I remember the first time I went to G-Lounge.
It was 2012, the year I moved into the city. I showed up here with no money, no job prospects and no friends. I wanted to be a writer: This is where writers come to write, isn’t it?
I managed to make one friend via random Facebook friend requests, Paq. Paq had lived here ages, and (unlike all of my other random Facebook friend requests) actually wanted to hang out with me, not just have sex with me or see my dick pics.
Paq was the queen of happy hour specials, which was kind of essential since I had no job and he usually bought my drinks. He lived in Hell’s Kitchen, but to branch out, we wandered down into Chelsea, and into G-Lounge.
We walked into a big open room that I was sure functioned as a pseudo-dance floor later at night, but now it was just spacious and calm. Homoerotic photos, framed with care, hung on the walls.
I’d later learn that the art rotated to showcase different local artists, including Roger Wingman – I’d meet him in 2014, and attend the premiere party for his G-Lounge showcase “Be Mine” in 2016.
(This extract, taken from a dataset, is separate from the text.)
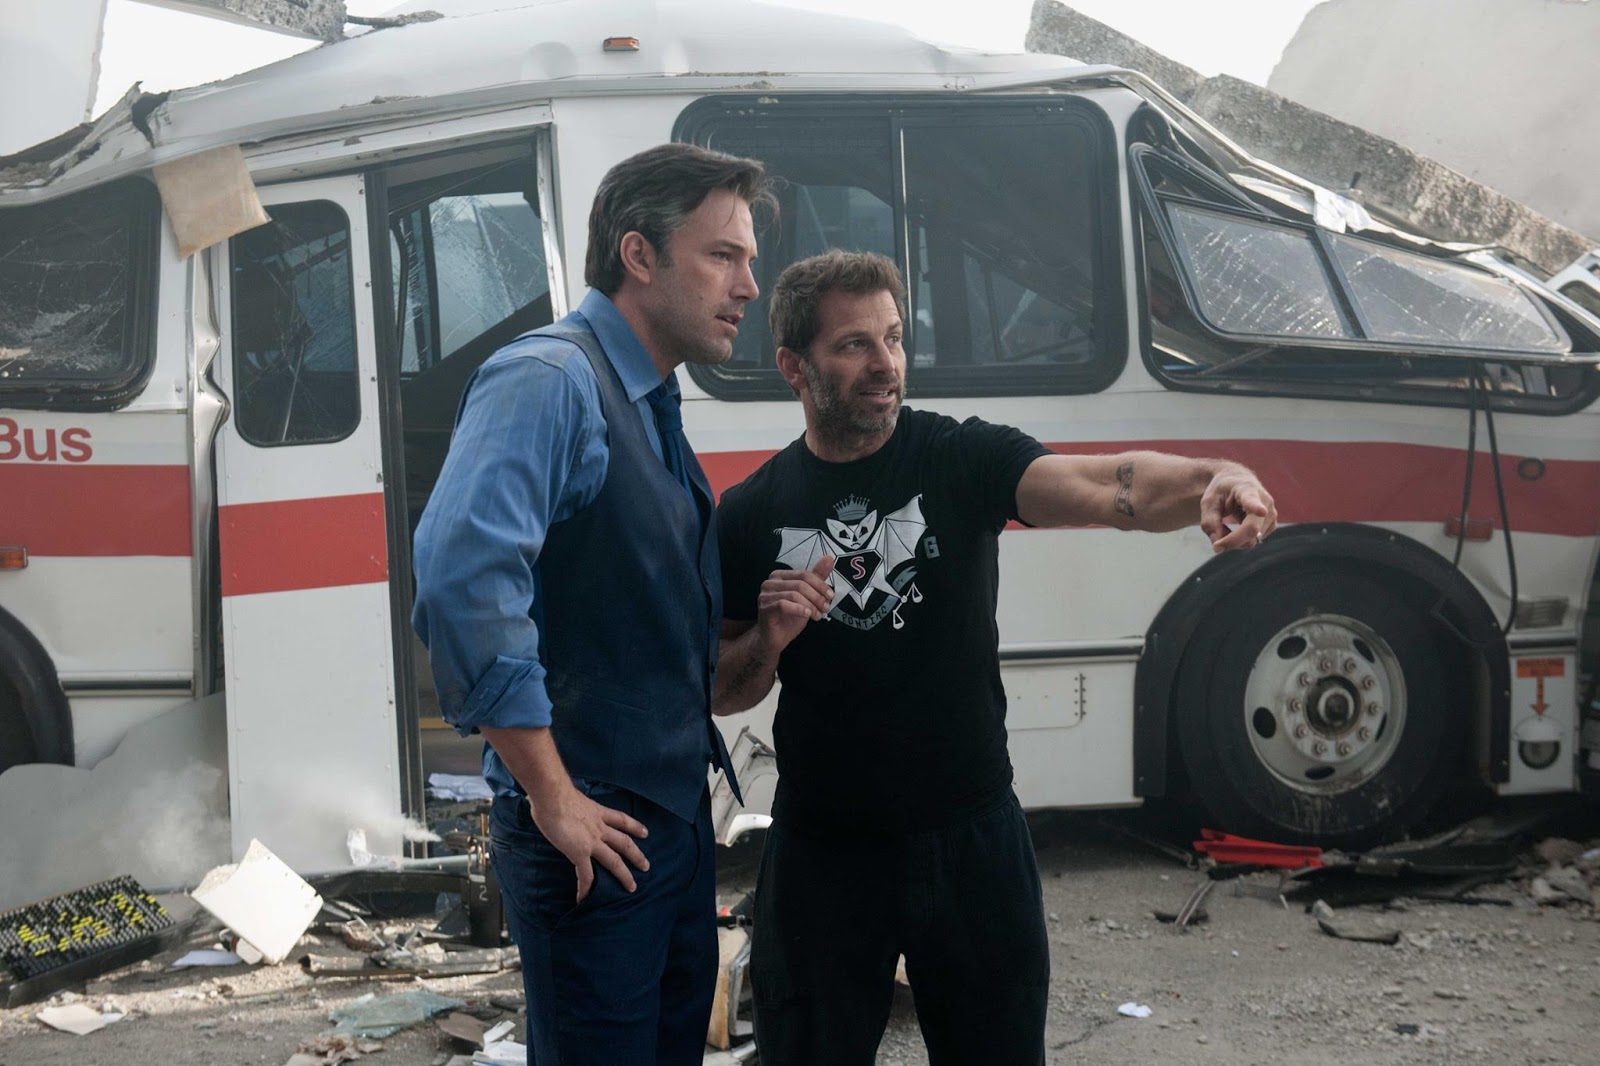 Zack Snyder and Ben Affleck's Bruce Wayne

G Lounge best known for the original Frozen Cosmo included in their buy-one-Get-one-free drink specials and included my favorite: margaritas.
We sat at the bar for our first drink, chatting with a friendly bartender about “RuPaul’s Drag Race”- I’d never seen the show before. We sat on the couches outlining the dance floor for our second drink, watching patrons come and go, a lot of gay boys bringing family, what appeared to be their mothers. I wished my family lived closer, that I could take them out for a drink after work. We stood by the window for our third drink, right next to a stand with Get Out! Magazine. I picked up a copy and skimmed it, no idea I’d be writing for them by the end of 2015.
That night, G-Lounge was a reminder of my past and a premonition of my future. But I lived in the moment, right in the present, even when drinking our fourth drink – because it’s buy-one-get-one, we can’t possibly waste that, right?
G-Lounge opened in 1997. I was 7 years old, playing with Barbies, dressing them up in cocktail dresses and gowns just like the drag queens I hadn’t yet met.
Years before he opened it, Michael McGrail was working as a chef at The Waldorf Astoria; he’d been working in hospitality since he was 15. He felt gay nightlife in NYC was missing something and became inspired by his hotel’s upscale lounge.
McGrail made his inspiration a reality. New York needed a place like G-Lounge: During Reagan’s presidency, a recent memory at that time, the president had silenced the surgeon general about HIV and AIDS. McGrail wanted to create a safe place, a place that was out and proud. As he said to me last week, “It’s a nice, respectful place to come and be proud of.”
Now, just a week after winning the Glam Award for Best Bar Party (Glow), McGrail has announced that G-Lounge will be closing its doors.
I have so many friends who have been employed there, from bartenders to DJs to drag queens. So many friends who have had their artwork displayed there.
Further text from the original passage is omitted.